Там, на шоссе, в нескольких ярдах от места, которое, наверное, лучше всего описывает его название «зеленая лужайка», отец старательно обходил свой «додж»; каждым своим движением он утрировал то, чему учат в автошколе: регулировка зеркал, заднего и боковых; откидывание сиденья, закрывание дверцы, потянуть за это, отпустить то, руки уложить на руль на «десять» и на «два» и вытянуть, как у манекена в витрине магазина Хигби.
— Куда это он едет? — спросил Джип.
Нам было по девять лет, в нашей жизни не хватало развлечений, мы стояли с пятами от травы на коленях, и я ума не мог приложить — штамп, который вызывает у меня невольное уважение к его изначальному смыслу, — что мой отец делает дома. Было три тридцать, и ему полагалось быть в городе, на углу Девятой и Сьюпериор-авеню, вот такая у него была жизнь — как и моя теперь: облечь благосостояние в слова, передать комодик, и фасонную оловянную посуду, и общие средства кузине Мэйбл, или собаке по имени Фифи, или проклятой колдунье, что на Западе.
— Хочешь попить? — спросил Джип. — Мне пить охота.
Я сделал два широченных шага к дороге, посреди которой стоял отец, и похоже на то, что Джип Фриман, умирающий от жажды мой лучший друг, куда-то пропал и возник снова лишь после того, как отец укатил далеко по дороге и я смог схватить футбольный мяч и сказать ему, однокласснику и приятелю, чтобы он занимался своими паршивыми делишками, и чтобы оставил меня в покое, и чтобы шел куда угодно, куда ходят такие вот толстые мальчишки вроде него, если они не надоедалы и не всезнайки, сующиеся в чужие дела.

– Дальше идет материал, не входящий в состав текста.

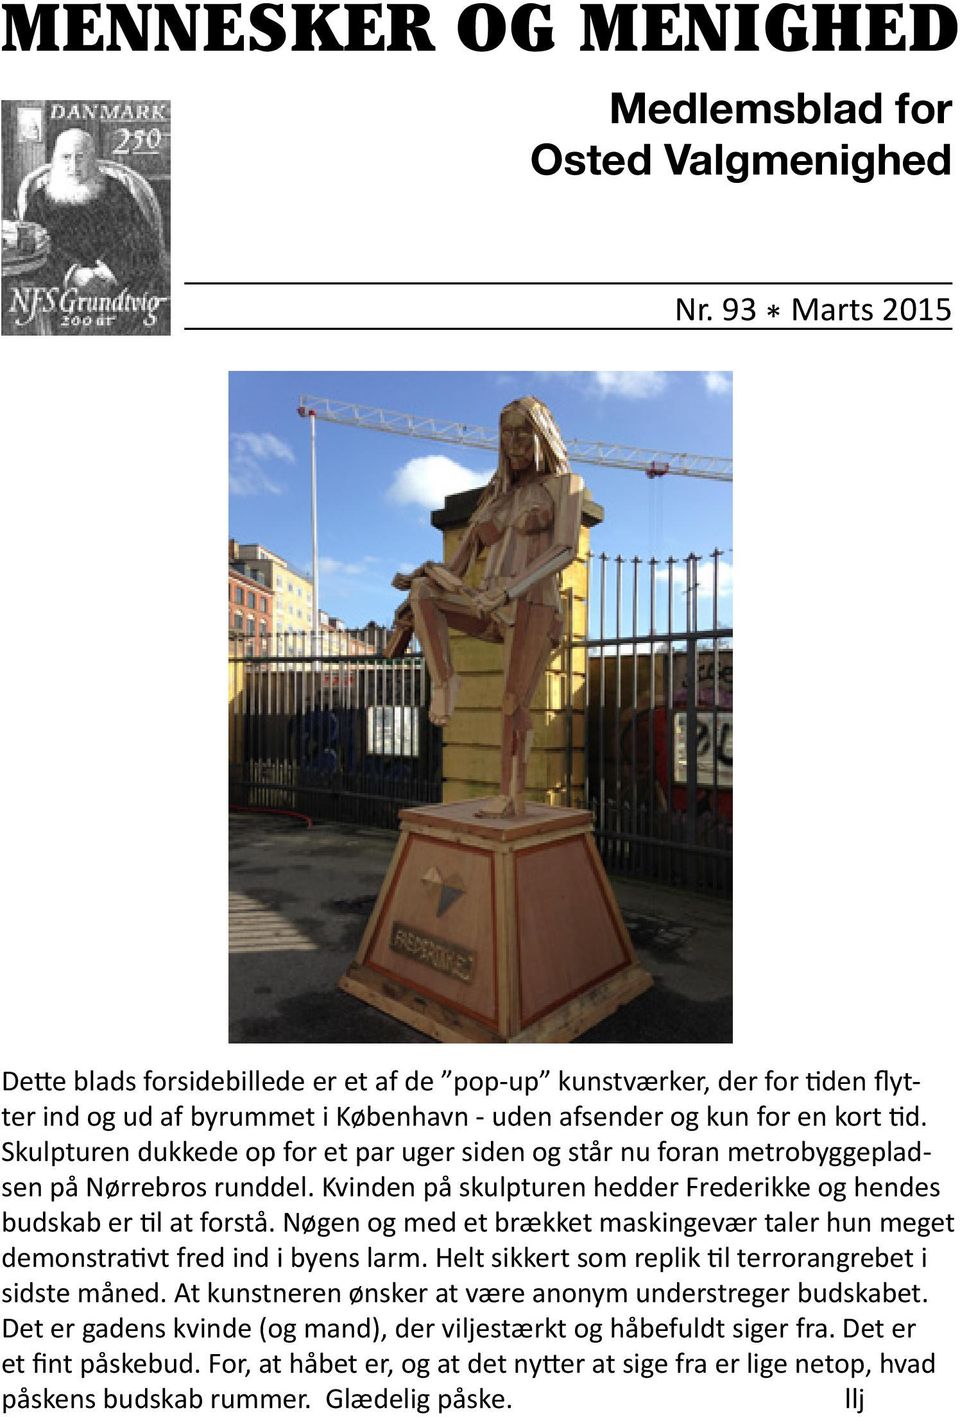 Skulpturen dukkede op for et par uger siden og står nu foran metrobyggepladsen på Nørrebros runddel. Kvinden på skulpturen hedder Frederikke og hendes budskab er til at forstå.

Я смотрел, как отец и его машина катятся в мою сторону — странно сказать — какой-то отрезок времени: колесные колпаки, бампер, обрамление капота, ветровое стекло, фара, шляпа «Доббс», рука, глаза, дверная ручка, свет, и тень, и зимняя тишина. Отделившись от себя самого, как иногда бывает, если слишком много выпьешь, я вышел на обочину. Что-то громыхнуло под ногами, как железо. Рядом с мостовой был некий пятачок, я знал, что могу занять его, тайная метка на земле, которую я и сегодня вижу из окна своего кабинета.